Windows Devices stop "sending" events every few days...appliance reboot only resolution.

Question

I put "sending" in quotes, because the agents on about 20 domain controllers are all still running.  At first boot up, all of the  Windows domain controllers suddenly begin sending events to SEM again, and all seems well.

However, every few days, I notice that the "node health" pane on the dashboard shows that the "Last event" for ALL windows devices starts increasing from "a few seconds ago" up to minutes, then hours, then days.  As soon as I log into the console and reboot the appliance, they all begin functioning again, immediately.

I've been fighting this for months with preventative reboots.  Currently on version 2023.2 of SEM, but this has been a problem on every version since 2022.2 (our initial deployment).  Cisco devices do not have this problem.

It appears that SEM may be closing the agent communication port off, perhaps due to memory use?  Although, our appliance has a large amount of resources available (8GB memory, 2TB of storage) and they are still at less than 50% use.  We average about 400 events-per-second with 30 nodes: 10 Cisco/ 20 Windows.

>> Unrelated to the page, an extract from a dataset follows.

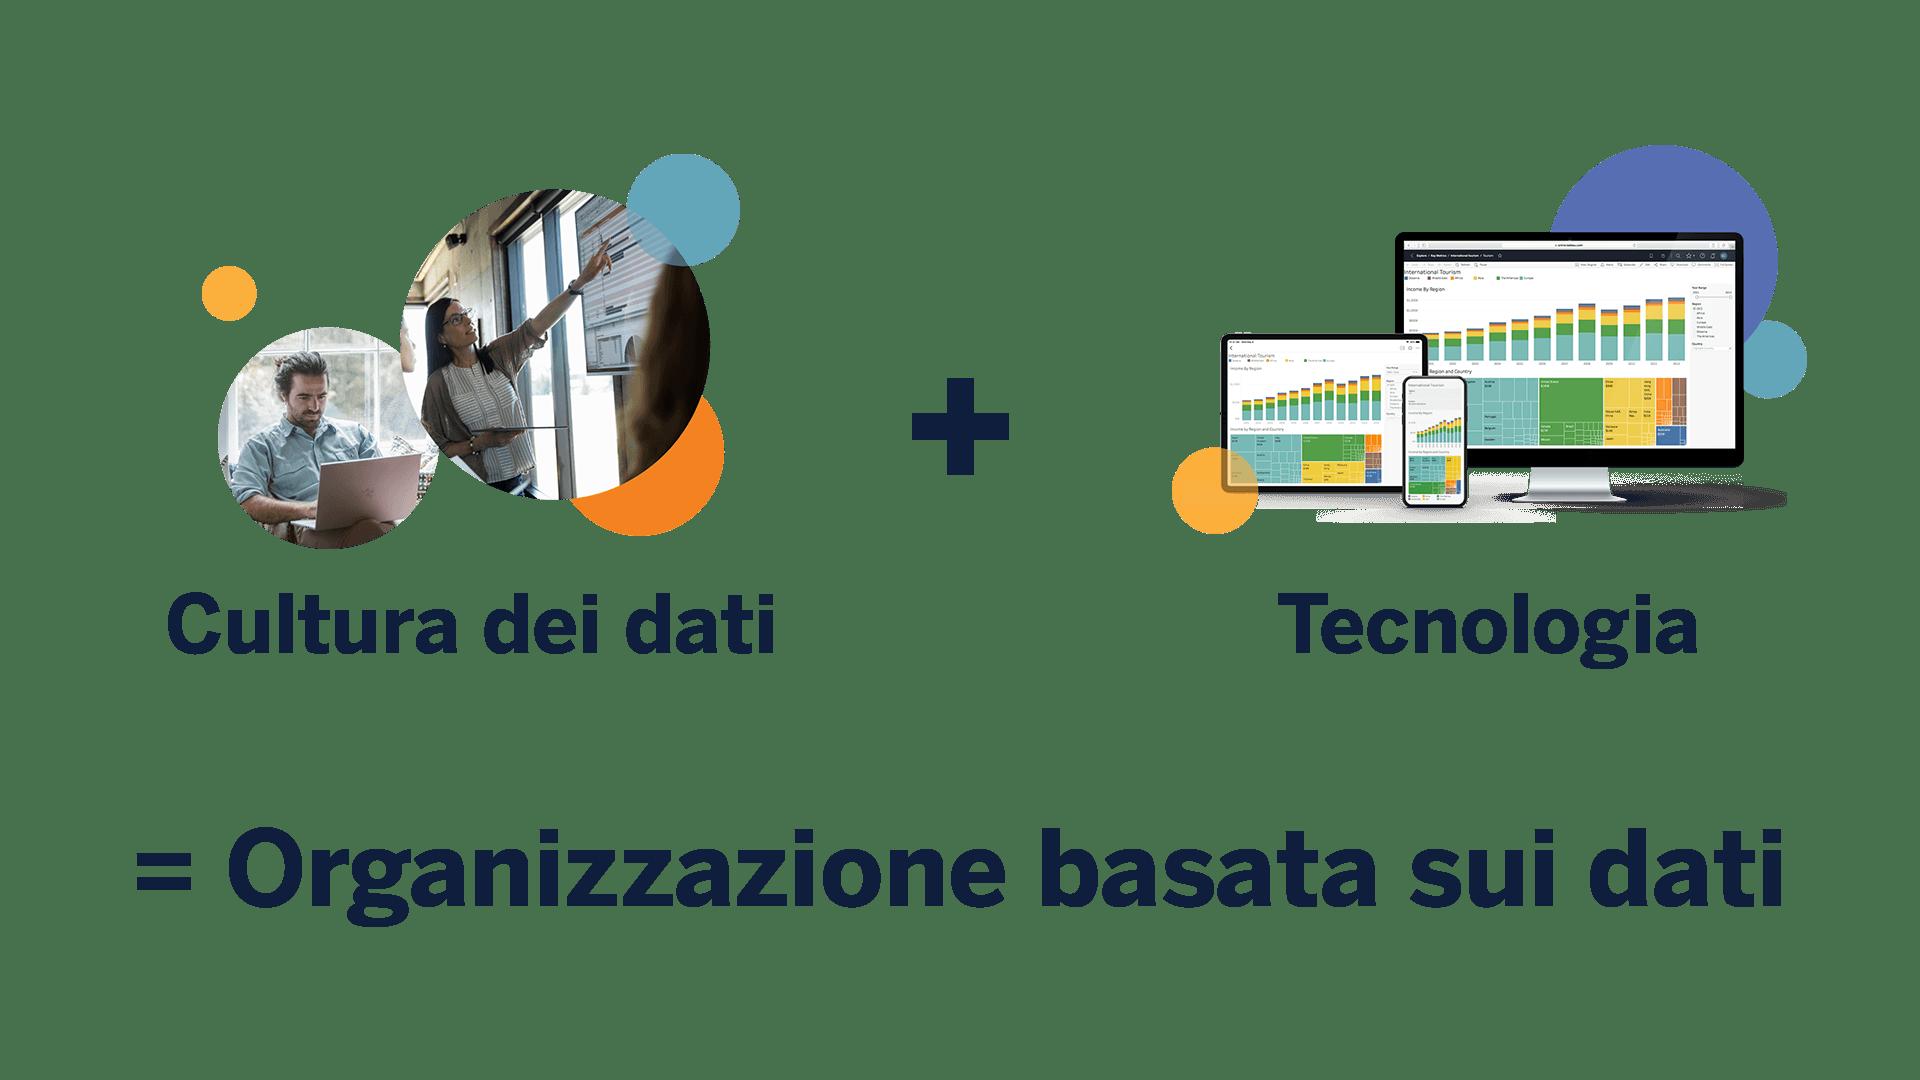 La cultura dei dati combinata con la tecnologia crea un'organizzazione basata sui dati

Any insights or similar experiences?

npatterson · Answer

I had a support issue for a while that did not resolve I finally found a solution that worked.

First I upgraded to 2023.2.1 does fixed the issues I also archived backups after 6 months using the SSH logmarchive (only one time then turned it off)

This purged some old records now seems the issue is resolved now.  For reference only the non-agent work and the agent stopped communication with me and found the appliance upgrade to solve the agent communication issue.

aannavar · Answer

Did you work with support on this? If not I would suggest working with them and they can escalate to engineering team appropriately.